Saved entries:
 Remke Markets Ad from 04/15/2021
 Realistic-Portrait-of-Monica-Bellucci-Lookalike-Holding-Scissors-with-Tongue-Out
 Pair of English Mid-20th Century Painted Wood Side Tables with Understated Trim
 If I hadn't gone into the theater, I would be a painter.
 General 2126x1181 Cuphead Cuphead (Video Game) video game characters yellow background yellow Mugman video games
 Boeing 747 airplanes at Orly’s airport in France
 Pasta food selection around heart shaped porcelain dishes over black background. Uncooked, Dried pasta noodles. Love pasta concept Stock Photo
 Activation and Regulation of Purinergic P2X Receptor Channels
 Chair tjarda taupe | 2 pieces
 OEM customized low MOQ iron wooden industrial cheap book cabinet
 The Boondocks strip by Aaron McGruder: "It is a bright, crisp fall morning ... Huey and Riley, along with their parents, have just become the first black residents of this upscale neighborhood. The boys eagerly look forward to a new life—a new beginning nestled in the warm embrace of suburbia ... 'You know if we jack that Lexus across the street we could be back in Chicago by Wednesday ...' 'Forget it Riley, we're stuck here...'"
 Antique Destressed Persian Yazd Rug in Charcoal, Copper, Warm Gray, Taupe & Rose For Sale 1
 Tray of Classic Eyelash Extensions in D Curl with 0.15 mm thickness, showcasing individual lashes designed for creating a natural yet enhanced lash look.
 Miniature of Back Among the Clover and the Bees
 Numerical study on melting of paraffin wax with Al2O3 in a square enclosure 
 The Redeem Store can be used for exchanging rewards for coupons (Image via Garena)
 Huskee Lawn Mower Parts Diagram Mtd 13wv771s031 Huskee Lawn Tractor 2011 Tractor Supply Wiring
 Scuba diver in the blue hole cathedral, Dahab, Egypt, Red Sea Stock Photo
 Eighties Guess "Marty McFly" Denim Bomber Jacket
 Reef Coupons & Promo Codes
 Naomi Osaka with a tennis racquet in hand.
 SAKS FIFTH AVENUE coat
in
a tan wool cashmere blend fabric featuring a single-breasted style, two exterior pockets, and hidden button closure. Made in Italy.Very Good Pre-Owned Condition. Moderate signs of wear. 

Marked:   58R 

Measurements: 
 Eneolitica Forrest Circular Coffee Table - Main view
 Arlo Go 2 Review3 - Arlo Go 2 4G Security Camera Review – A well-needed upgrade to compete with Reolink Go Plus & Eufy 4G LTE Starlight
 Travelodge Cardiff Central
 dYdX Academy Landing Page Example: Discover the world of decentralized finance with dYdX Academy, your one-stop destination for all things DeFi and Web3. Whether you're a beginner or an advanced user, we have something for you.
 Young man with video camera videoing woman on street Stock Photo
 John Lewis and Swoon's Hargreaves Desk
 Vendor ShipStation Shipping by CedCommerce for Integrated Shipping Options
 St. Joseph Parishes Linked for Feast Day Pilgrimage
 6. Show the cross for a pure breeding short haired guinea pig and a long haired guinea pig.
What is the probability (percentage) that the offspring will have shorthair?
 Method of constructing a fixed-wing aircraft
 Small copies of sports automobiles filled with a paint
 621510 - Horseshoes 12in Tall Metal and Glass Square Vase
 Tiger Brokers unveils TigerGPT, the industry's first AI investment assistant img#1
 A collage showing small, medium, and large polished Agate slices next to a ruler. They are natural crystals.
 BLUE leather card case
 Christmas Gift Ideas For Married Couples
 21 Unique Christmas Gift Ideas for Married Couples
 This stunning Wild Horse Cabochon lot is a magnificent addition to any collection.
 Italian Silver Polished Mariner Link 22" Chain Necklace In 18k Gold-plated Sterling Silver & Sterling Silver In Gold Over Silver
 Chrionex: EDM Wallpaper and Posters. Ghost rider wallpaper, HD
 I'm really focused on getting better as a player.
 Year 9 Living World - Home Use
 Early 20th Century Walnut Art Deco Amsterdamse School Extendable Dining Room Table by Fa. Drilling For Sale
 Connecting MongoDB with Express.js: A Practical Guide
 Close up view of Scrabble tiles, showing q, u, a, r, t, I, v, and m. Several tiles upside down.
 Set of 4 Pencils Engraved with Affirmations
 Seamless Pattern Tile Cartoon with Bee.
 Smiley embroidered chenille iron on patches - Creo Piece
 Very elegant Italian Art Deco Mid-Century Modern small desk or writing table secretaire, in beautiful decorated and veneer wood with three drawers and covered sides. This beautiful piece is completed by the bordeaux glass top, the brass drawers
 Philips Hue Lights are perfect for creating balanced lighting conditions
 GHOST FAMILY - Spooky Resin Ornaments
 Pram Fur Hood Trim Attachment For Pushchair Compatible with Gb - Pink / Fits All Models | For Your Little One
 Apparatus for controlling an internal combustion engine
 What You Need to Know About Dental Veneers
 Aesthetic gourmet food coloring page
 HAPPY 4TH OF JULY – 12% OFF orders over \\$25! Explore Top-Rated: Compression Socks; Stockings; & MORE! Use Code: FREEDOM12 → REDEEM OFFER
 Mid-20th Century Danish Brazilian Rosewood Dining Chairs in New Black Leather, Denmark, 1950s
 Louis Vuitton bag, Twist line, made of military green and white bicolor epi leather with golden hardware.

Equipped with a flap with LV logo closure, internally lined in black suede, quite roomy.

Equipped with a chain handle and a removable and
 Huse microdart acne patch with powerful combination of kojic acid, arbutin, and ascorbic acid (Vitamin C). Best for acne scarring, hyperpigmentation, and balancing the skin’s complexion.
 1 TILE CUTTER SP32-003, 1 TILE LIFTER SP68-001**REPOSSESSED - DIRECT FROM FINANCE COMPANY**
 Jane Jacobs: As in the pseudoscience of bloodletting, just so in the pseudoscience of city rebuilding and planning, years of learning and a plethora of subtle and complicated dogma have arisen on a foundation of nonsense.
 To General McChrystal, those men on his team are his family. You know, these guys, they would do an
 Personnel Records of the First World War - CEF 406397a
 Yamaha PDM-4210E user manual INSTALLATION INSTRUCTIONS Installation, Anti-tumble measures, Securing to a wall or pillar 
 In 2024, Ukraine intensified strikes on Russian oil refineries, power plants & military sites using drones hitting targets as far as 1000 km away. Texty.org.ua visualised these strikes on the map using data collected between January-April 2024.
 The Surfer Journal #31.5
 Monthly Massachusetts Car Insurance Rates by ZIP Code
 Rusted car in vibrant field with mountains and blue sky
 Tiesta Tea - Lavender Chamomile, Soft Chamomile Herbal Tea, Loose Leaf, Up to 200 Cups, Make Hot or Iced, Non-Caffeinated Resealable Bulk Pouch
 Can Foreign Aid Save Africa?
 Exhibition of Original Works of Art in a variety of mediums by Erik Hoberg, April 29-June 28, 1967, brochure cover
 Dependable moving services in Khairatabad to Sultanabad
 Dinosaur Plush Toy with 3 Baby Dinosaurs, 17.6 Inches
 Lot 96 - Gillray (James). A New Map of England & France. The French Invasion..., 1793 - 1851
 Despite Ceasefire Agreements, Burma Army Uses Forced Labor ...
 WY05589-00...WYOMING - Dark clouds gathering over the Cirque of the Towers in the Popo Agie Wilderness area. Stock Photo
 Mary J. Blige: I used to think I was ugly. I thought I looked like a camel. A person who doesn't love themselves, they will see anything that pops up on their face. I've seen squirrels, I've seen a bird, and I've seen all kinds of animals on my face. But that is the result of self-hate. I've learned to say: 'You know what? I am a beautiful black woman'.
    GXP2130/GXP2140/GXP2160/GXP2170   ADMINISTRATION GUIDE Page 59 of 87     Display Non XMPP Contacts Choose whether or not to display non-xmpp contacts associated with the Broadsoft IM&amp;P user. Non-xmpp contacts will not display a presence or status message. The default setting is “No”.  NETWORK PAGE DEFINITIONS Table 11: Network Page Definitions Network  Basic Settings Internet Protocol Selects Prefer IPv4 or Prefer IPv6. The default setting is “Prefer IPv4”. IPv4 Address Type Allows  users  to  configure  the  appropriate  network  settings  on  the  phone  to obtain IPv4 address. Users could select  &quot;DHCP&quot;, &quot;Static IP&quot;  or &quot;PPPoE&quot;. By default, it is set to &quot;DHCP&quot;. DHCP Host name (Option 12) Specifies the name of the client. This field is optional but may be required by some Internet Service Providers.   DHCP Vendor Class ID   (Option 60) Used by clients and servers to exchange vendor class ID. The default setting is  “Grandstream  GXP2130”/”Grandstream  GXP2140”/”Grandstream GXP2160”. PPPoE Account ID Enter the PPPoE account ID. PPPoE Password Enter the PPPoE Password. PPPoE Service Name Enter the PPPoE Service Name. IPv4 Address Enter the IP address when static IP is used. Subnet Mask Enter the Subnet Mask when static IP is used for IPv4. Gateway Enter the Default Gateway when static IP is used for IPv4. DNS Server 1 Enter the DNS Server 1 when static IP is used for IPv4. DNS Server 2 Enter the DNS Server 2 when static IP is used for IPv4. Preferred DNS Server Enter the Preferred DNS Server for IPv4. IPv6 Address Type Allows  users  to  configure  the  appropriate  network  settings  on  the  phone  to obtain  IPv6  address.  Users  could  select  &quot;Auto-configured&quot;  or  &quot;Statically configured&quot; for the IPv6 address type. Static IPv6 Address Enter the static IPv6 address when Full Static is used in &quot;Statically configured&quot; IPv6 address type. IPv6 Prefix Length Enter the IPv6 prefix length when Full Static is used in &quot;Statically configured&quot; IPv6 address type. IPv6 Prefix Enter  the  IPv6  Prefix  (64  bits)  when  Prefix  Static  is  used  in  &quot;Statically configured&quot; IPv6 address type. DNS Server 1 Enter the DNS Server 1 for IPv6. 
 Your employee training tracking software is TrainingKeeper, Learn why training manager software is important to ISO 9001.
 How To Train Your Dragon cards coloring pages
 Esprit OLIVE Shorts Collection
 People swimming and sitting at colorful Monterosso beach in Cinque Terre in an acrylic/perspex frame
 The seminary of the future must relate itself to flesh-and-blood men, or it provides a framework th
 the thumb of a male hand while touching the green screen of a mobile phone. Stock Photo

* [Brief]:
Please return only the lines above, starting at the line that has "SAKS FIFTH AVENUE coat" and ending at the line that has "Year 9 Living World - Home Use", keeping both and leaving each one unchanged.

* [Your solution]:
 SAKS FIFTH AVENUE coat
in
a tan wool cashmere blend fabric featuring a single-breasted style, two exterior pockets, and hidden button closure. Made in Italy.Very Good Pre-Owned Condition. Moderate signs of wear. 

Marked:   58R 

Measurements: 
 Eneolitica Forrest Circular Coffee Table - Main view
 Arlo Go 2 Review3 - Arlo Go 2 4G Security Camera Review – A well-needed upgrade to compete with Reolink Go Plus & Eufy 4G LTE Starlight
 Travelodge Cardiff Central
 dYdX Academy Landing Page Example: Discover the world of decentralized finance with dYdX Academy, your one-stop destination for all things DeFi and Web3. Whether you're a beginner or an advanced user, we have something for you.
 Young man with video camera videoing woman on street Stock Photo
 John Lewis and Swoon's Hargreaves Desk
 Vendor ShipStation Shipping by CedCommerce for Integrated Shipping Options
 St. Joseph Parishes Linked for Feast Day Pilgrimage
 6. Show the cross for a pure breeding short haired guinea pig and a long haired guinea pig.
What is the probability (percentage) that the offspring will have shorthair?
 Method of constructing a fixed-wing aircraft
 Small copies of sports automobiles filled with a paint
 621510 - Horseshoes 12in Tall Metal and Glass Square Vase
 Tiger Brokers unveils TigerGPT, the industry's first AI investment assistant img#1
 A collage showing small, medium, and large polished Agate slices next to a ruler. They are natural crystals.
 BLUE leather card case
 Christmas Gift Ideas For Married Couples
 21 Unique Christmas Gift Ideas for Married Couples
 This stunning Wild Horse Cabochon lot is a magnificent addition to any collection.
 Italian Silver Polished Mariner Link 22" Chain Necklace In 18k Gold-plated Sterling Silver & Sterling Silver In Gold Over Silver
 Chrionex: EDM Wallpaper and Posters. Ghost rider wallpaper, HD
 I'm really focused on getting better as a player.
 Year 9 Living World - Home Use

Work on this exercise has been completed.